## Records provided
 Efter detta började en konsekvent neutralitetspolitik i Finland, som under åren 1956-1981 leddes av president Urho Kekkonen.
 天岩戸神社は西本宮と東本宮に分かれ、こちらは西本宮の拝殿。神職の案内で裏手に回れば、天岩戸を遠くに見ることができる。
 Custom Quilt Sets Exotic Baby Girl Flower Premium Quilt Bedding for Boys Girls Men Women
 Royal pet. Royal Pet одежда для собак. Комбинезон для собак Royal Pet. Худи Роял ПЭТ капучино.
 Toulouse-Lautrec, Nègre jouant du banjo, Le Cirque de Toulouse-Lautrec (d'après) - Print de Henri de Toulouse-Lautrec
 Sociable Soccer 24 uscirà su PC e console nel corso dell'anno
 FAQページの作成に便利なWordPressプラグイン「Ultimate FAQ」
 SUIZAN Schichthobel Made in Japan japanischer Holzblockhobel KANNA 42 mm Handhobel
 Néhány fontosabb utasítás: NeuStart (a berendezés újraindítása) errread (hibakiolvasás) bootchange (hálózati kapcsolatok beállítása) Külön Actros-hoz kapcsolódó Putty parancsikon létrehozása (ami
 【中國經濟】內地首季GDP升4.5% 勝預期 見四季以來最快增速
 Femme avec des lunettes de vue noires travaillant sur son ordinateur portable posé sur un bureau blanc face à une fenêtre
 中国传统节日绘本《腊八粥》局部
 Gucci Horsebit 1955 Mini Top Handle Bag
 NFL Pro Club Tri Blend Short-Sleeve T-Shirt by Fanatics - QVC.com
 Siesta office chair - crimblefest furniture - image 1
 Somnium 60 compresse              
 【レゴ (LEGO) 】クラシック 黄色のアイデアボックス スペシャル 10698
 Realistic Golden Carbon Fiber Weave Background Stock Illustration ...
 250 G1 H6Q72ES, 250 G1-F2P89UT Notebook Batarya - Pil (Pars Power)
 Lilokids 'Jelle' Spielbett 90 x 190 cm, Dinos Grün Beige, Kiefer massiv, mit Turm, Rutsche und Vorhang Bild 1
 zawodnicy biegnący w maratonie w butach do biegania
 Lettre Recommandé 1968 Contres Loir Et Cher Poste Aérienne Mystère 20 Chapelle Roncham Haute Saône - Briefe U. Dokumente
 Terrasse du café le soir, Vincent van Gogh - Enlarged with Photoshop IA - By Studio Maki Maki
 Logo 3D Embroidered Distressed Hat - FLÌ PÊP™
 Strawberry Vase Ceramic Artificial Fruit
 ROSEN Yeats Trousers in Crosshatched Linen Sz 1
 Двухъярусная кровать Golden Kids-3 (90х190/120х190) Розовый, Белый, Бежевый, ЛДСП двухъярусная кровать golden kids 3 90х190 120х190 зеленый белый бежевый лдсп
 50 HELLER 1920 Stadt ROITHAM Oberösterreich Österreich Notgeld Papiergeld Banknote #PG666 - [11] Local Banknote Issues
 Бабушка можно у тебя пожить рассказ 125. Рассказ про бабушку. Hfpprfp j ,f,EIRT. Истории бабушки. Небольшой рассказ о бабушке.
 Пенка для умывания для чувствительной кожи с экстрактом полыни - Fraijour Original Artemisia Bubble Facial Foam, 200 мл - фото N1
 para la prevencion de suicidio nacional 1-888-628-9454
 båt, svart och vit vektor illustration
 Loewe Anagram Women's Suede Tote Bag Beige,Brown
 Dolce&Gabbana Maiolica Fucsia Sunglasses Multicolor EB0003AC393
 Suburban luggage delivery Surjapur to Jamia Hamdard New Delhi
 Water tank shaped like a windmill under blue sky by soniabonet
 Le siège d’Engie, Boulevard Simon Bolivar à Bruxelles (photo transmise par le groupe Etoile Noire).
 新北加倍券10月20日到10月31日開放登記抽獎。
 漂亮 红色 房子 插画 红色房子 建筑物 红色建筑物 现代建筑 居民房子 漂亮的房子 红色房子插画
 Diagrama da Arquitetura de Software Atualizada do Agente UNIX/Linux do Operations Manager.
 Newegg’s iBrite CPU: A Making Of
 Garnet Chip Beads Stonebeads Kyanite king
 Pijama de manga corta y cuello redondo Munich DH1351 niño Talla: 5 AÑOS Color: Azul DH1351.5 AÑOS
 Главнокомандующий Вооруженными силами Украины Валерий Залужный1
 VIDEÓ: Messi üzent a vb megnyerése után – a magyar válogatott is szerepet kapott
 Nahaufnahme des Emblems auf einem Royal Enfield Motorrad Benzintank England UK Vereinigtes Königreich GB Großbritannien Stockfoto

## What you should do
Retyping the whole listing exactly is the task here.

## Result
 Efter detta började en konsekvent neutralitetspolitik i Finland, som under åren 1956-1981 leddes av president Urho Kekkonen.
 天岩戸神社は西本宮と東本宮に分かれ、こちらは西本宮の拝殿。神職の案内で裏手に回れば、天岩戸を遠くに見ることができる。
 Custom Quilt Sets Exotic Baby Girl Flower Premium Quilt Bedding for Boys Girls Men Women
 Royal pet. Royal Pet одежда для собак. Комбинезон для собак Royal Pet. Худи Роял ПЭТ капучино.
 Toulouse-Lautrec, Nègre jouant du banjo, Le Cirque de Toulouse-Lautrec (d'après) - Print de Henri de Toulouse-Lautrec
 Sociable Soccer 24 uscirà su PC e console nel corso dell'anno
 FAQページの作成に便利なWordPressプラグイン「Ultimate FAQ」
 SUIZAN Schichthobel Made in Japan japanischer Holzblockhobel KANNA 42 mm Handhobel
 Néhány fontosabb utasítás: NeuStart (a berendezés újraindítása) errread (hibakiolvasás) bootchange (hálózati kapcsolatok beállítása) Külön Actros-hoz kapcsolódó Putty parancsikon létrehozása (ami
 【中國經濟】內地首季GDP升4.5% 勝預期 見四季以來最快增速
 Femme avec des lunettes de vue noires travaillant sur son ordinateur portable posé sur un bureau blanc face à une fenêtre
 中国传统节日绘本《腊八粥》局部
 Gucci Horsebit 1955 Mini Top Handle Bag
 NFL Pro Club Tri Blend Short-Sleeve T-Shirt by Fanatics - QVC.com
 Siesta office chair - crimblefest furniture - image 1
 Somnium 60 compresse              
 【レゴ (LEGO) 】クラシック 黄色のアイデアボックス スペシャル 10698
 Realistic Golden Carbon Fiber Weave Background Stock Illustration ...
 250 G1 H6Q72ES, 250 G1-F2P89UT Notebook Batarya - Pil (Pars Power)
 Lilokids 'Jelle' Spielbett 90 x 190 cm, Dinos Grün Beige, Kiefer massiv, mit Turm, Rutsche und Vorhang Bild 1
 zawodnicy biegnący w maratonie w butach do biegania
 Lettre Recommandé 1968 Contres Loir Et Cher Poste Aérienne Mystère 20 Chapelle Roncham Haute Saône - Briefe U. Dokumente
 Terrasse du café le soir, Vincent van Gogh - Enlarged with Photoshop IA - By Studio Maki Maki
 Logo 3D Embroidered Distressed Hat - FLÌ PÊP™
 Strawberry Vase Ceramic Artificial Fruit
 ROSEN Yeats Trousers in Crosshatched Linen Sz 1
 Двухъярусная кровать Golden Kids-3 (90х190/120х190) Розовый, Белый, Бежевый, ЛДСП двухъярусная кровать golden kids 3 90х190 120х190 зеленый белый бежевый лдсп
 50 HELLER 1920 Stadt ROITHAM Oberösterreich Österreich Notgeld Papiergeld Banknote #PG666 - [11] Local Banknote Issues
 Бабушка можно у тебя пожить рассказ 125. Рассказ про бабушку. Hfpprfp j ,f,EIRT. Истории бабушки. Небольшой рассказ о бабушке.
 Пенка для умывания для чувствительной кожи с экстрактом полыни - Fraijour Original Artemisia Bubble Facial Foam, 200 мл - фото N1
 para la prevencion de suicidio nacional 1-888-628-9454
 båt, svart och vit vektor illustration
 Loewe Anagram Women's Suede Tote Bag Beige,Brown
 Dolce&Gabbana Maiolica Fucsia Sunglasses Multicolor EB0003AC393
 Suburban luggage delivery Surjapur to Jamia Hamdard New Delhi
 Water tank shaped like a windmill under blue sky by soniabonet
 Le siège d’Engie, Boulevard Simon Bolivar à Bruxelles (photo transmise par le groupe Etoile Noire).
 新北加倍券10月20日到10月31日開放登記抽獎。
 漂亮 红色 房子 插画 红色房子 建筑物 红色建筑物 现代建筑 居民房子 漂亮的房子 红色房子插画
 Diagrama da Arquitetura de Software Atualizada do Agente UNIX/Linux do Operations Manager.
 Newegg’s iBrite CPU: A Making Of
 Garnet Chip Beads Stonebeads Kyanite king
 Pijama de manga corta y cuello redondo Munich DH1351 niño Talla: 5 AÑOS Color: Azul DH1351.5 AÑOS
 Главнокомандующий Вооруженными силами Украины Валерий Залужный1
 VIDEÓ: Messi üzent a vb megnyerése után – a magyar válogatott is szerepet kapott
 Nahaufnahme des Emblems auf einem Royal Enfield Motorrad Benzintank England UK Vereinigtes Königreich GB Großbritannien Stockfoto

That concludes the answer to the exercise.